Action item:
An acceptable answer repeats exactly the line containing "Mixed Race woman" and all lines that follow it in the listing below, and it includes no pictures.

Supplied material:

──────────

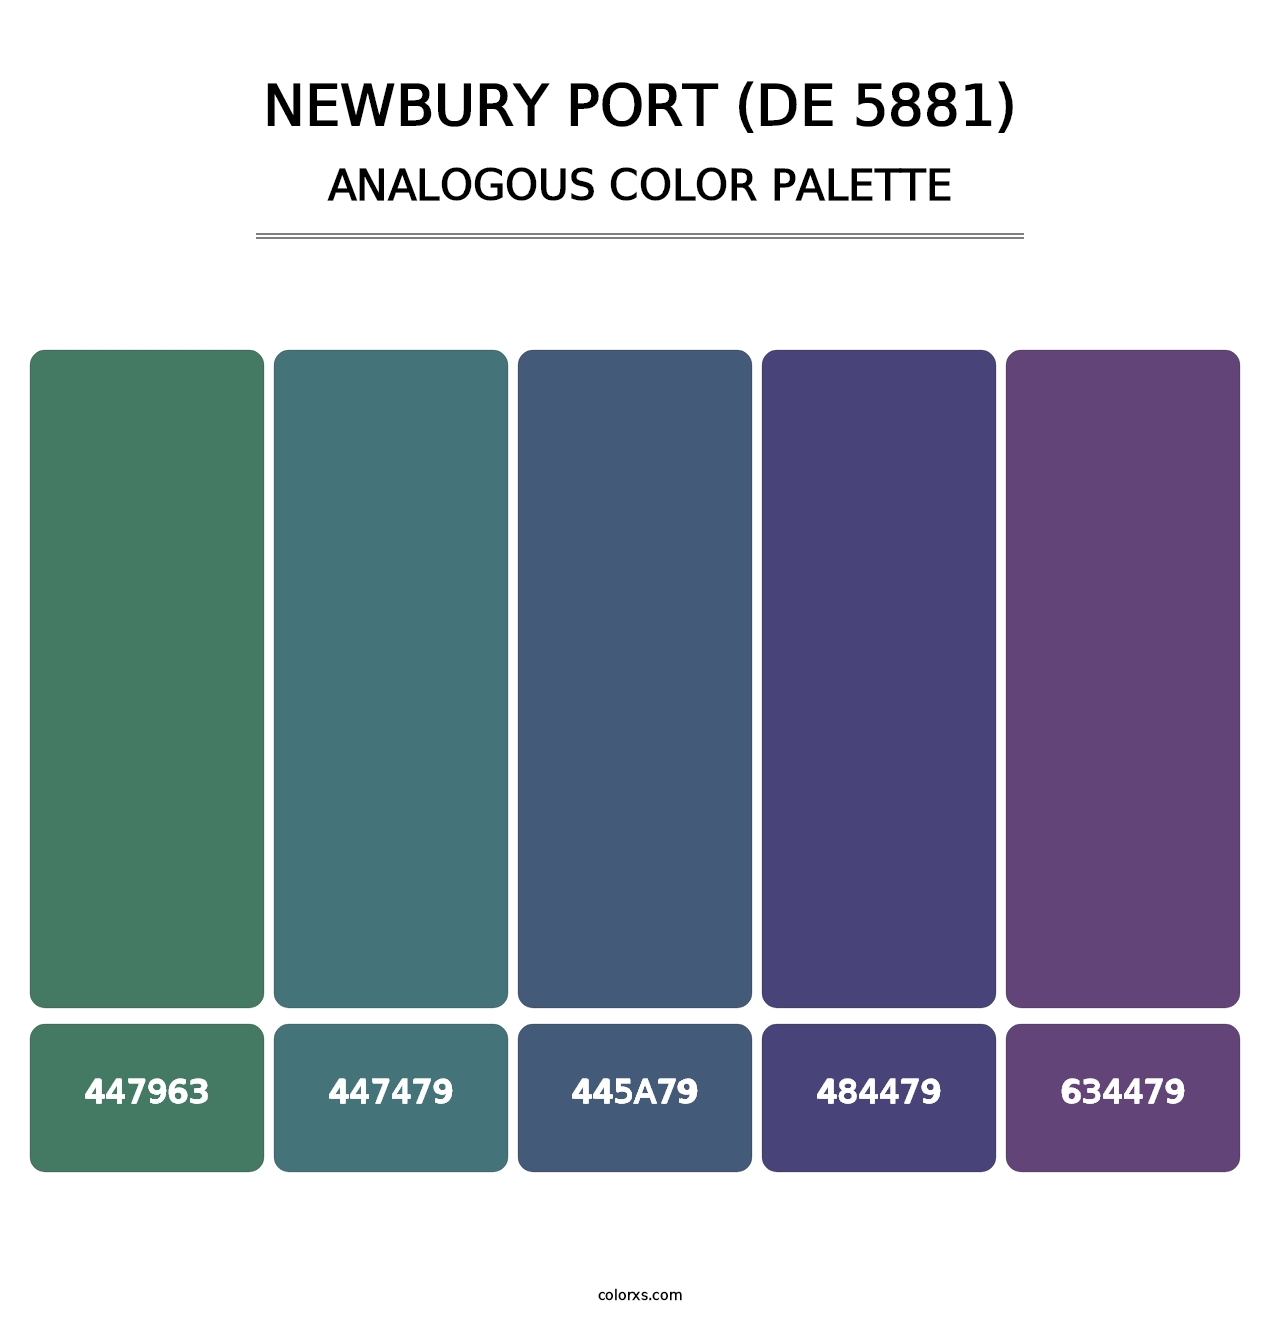 Newbury Port (DE 5881) - Analogous Color Palette
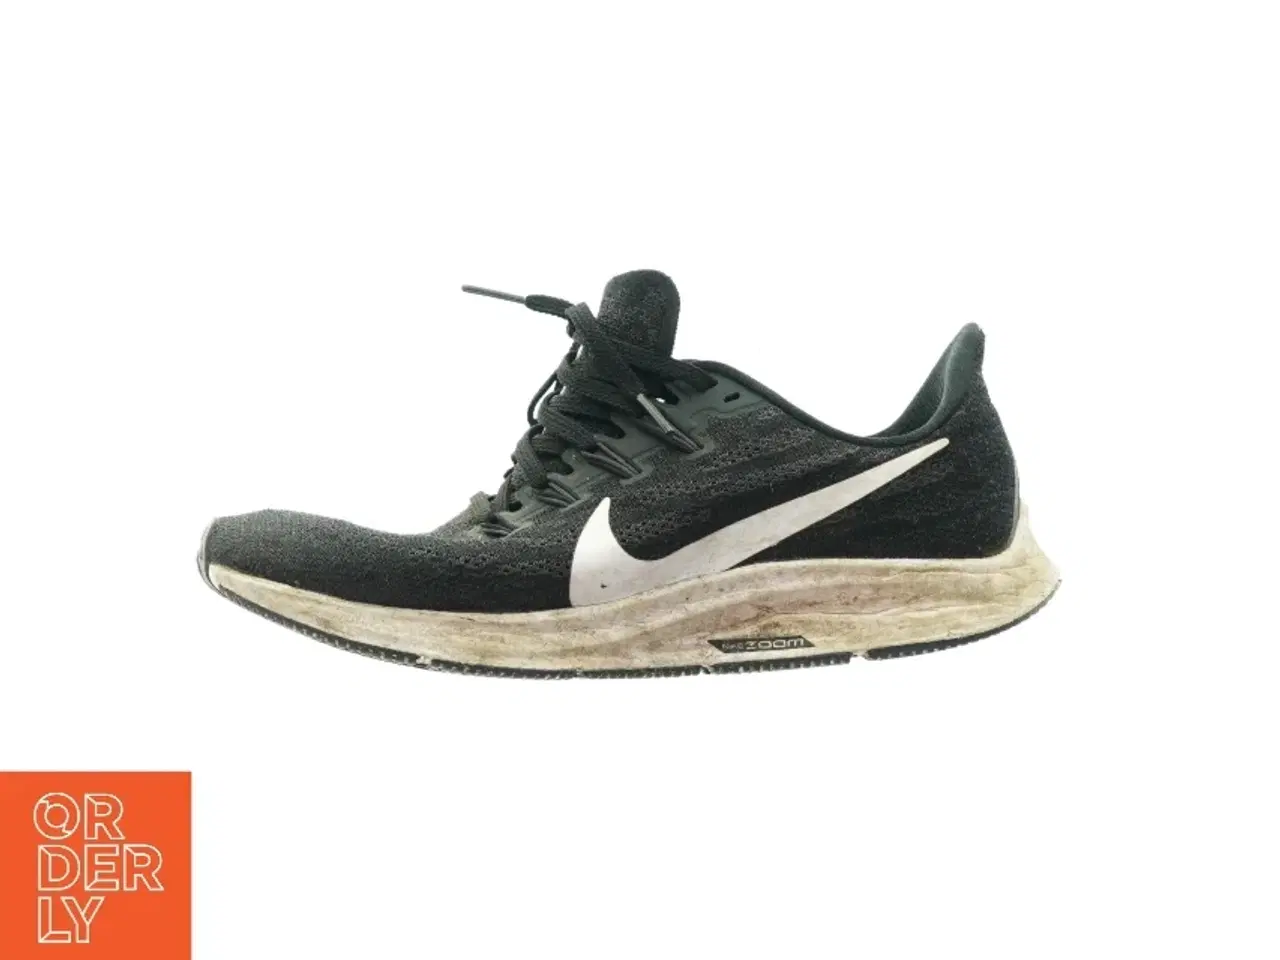 Billede 1 - Sko fra Nike
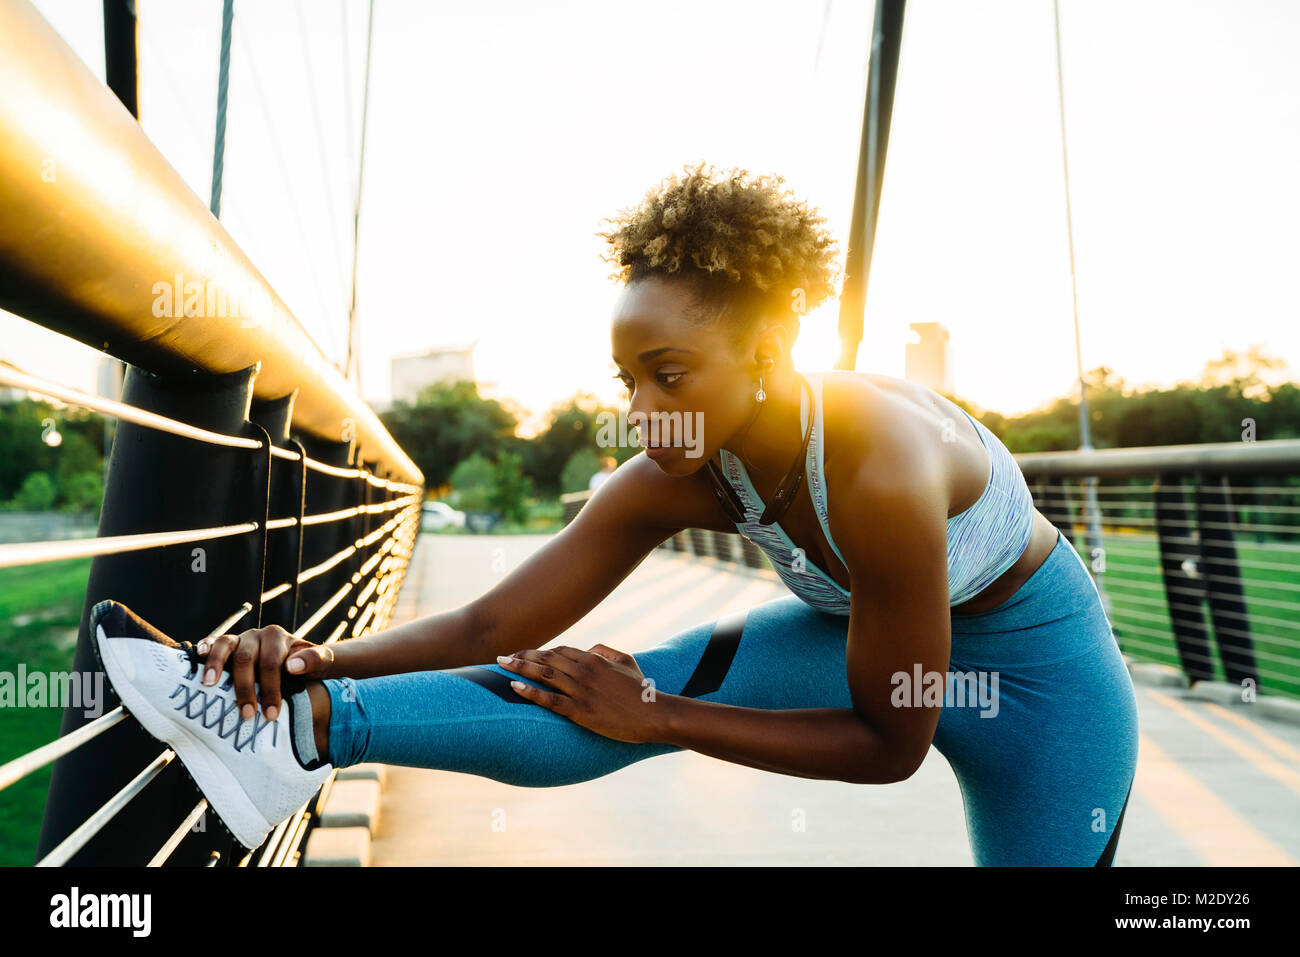 Mixed Race woman stretching leg sur bridge railing Banque D'Images
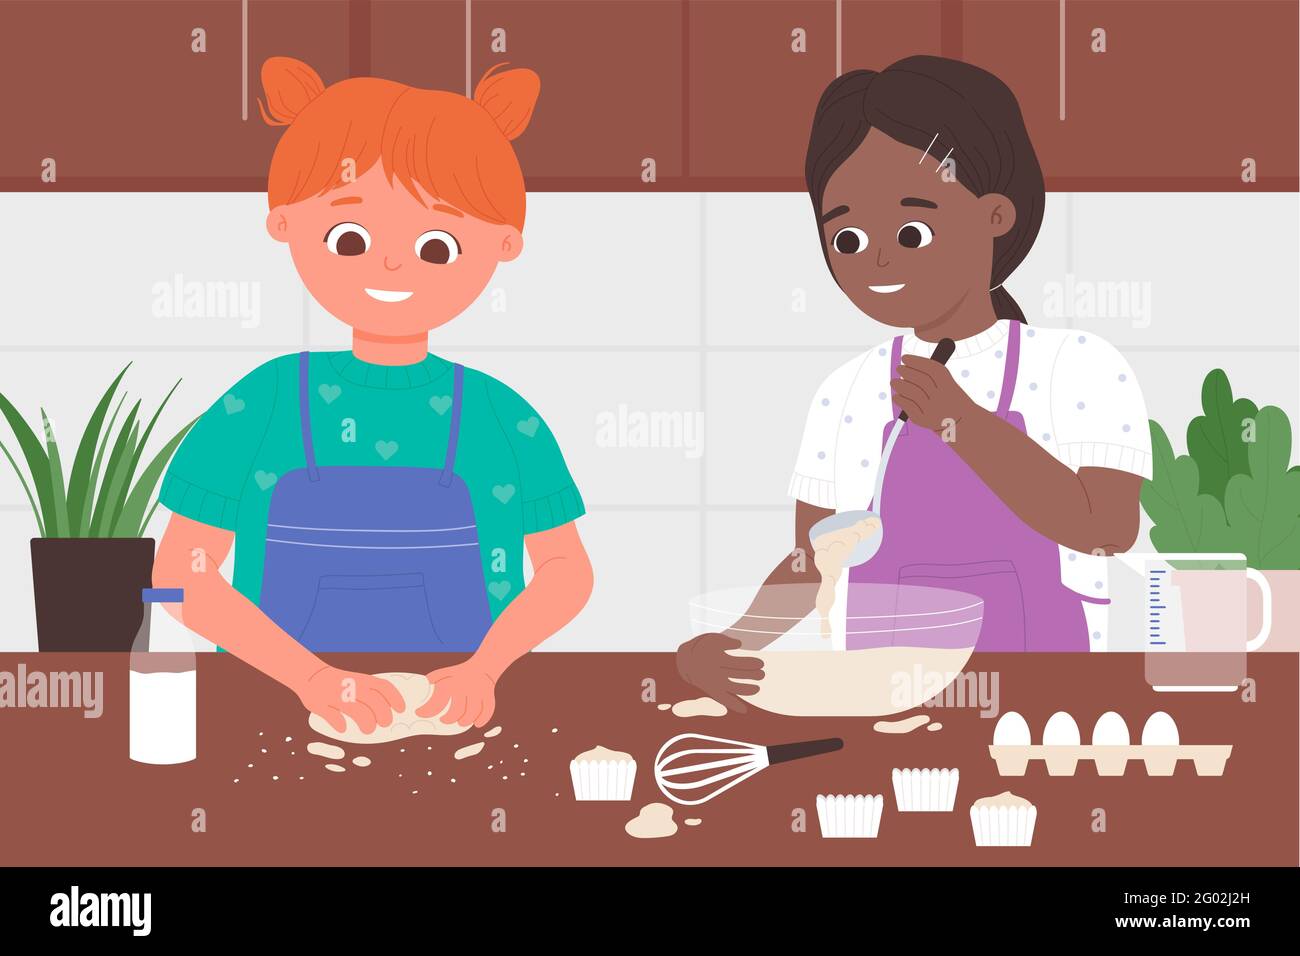 Kind Chef Bäcker Beruf, Kinder kochen zusammen in der Küche Vektor-Illustration. Cartoon glücklich niedlichen Mädchen Kind Zeichen in Schürzen backen köstliche Cupcakes Dessert, stehen am Tisch Hintergrund Stock Vektor

──────────

Task answer:
 Mixed Race woman stretching leg sur bridge railing Banque D'Images
 Kind Chef Bäcker Beruf, Kinder kochen zusammen in der Küche Vektor-Illustration. Cartoon glücklich niedlichen Mädchen Kind Zeichen in Schürzen backen köstliche Cupcakes Dessert, stehen am Tisch Hintergrund Stock Vektor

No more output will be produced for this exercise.